I see little things like this picture and I just suddenly realise how much I ache with missing Emmet. I want a little boy in my arms to look at this and smile and think off.
I miss both my babies but it’s hardest knowing that Emmet should be here in my arms right now. Just over 7 months old.
His was the only tiny tiny perfect little body I saw, and his was the only pregnancy out of the two I ever tentatively started to embrace. I briefly imagined a future with Emmet but I never dared with Reá. I was too terrified to get involved. I had just dared to love my first little flame before they were ripped away and I cut myself off from my second pregnancy almost completely.
I regret that now, deeply. But I was surviving. When I look back and feel disparaging towards myself I am reminded once again to be gentle with myself. Miscarriages are trauma. And they are loss. For me the deepest loss I have ever experienced, and I would never wish it on anyone. I would throw every life lesson I have learnt from my losses for one more second with my babies.
While Reás loss in some ways hit me emotionally the hardest, I spent the most time with Emmet, his loss was by far the most difficult thing I have ever experienced physically despite a lifetime of physical illness; and it having been a fully natural miscarriage.
I miss them both so god damn much it takes my breath away.
I absolutely ache to try again but also there is an gnawing, stabbing terror in the pit of my soul at the idea. I know that after my second loss, and the tailspin it sent me in, that right now another loss would be catastrophic. And I say another loss, because I honestly struggle to see myself with a living baby now. I try. I am really trying. But the only experience I have of motherhood is losses that have torn me right open.
It’s just a pipe dream really, having a biological child, and I know it. My body can make babies. Just not healthy ones.
In truth I am vividly aware if how very unlikely breaking the first trimester hurdle is for my body, especially in its current state. More than one of my conditions come with increased risk of miscarriage, especially early on, and then it’s still a genetic minefield if we reach full term.
I have researched and read books and asked in forums. There is screw all research being done on Ehlers-Danlos and pregnancy. And what little information there is honestly scares the living daylights out of me.
Either nobody can or will say for sure the real risk levels associated with Ehlers Danlos syndrome type three- other than that my kids will get it.

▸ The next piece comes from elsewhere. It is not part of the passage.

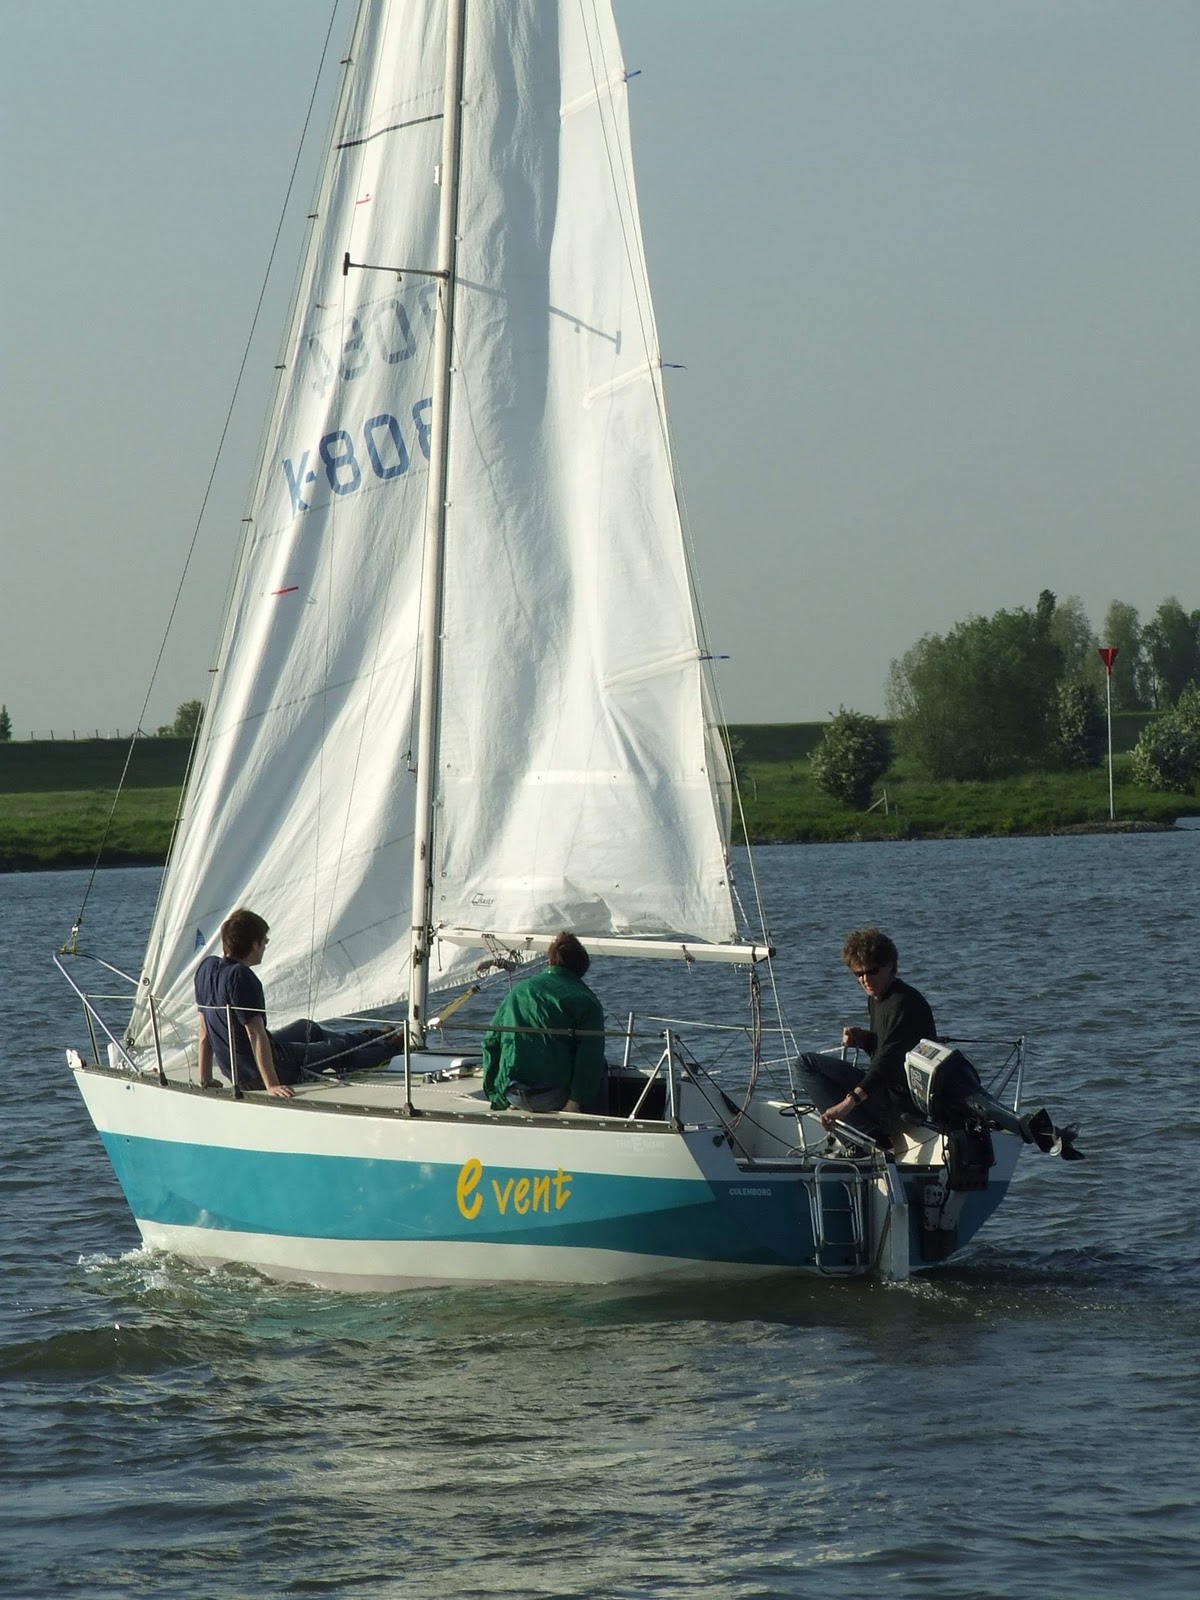 i550 Sportboat Vlot: i550 Sportboat Building in Holland

My genetic testing was re organised by the hospital so I am still waiting and honestly capping myself over it, but if it is a confirmation of classical or type one Ehlers-Danlos then my chances are even less. It has a 100% inheritance rate, although it is a spectrum disorder.
Mine is particularly severe if it is type three, and reasonable severity if is is classical/type one.
I await answers. If nothing else, even though I have made peace with our choice not to try for biological children, or at least I am trying too.
I don’t know if I will ever be able to close that chapter of my life until there is a child in my arms for good, or then again I may spend a life with what ifs in my heart.
This testing is full as much about getting the answers I need to have better informed treatment, as it is about finally knowing for sure. It doesn’t matter what the statistics tell me I need this proof. Solid and indisputable.
I don’t know what the emotional fall out is going to be. But I know I need to know.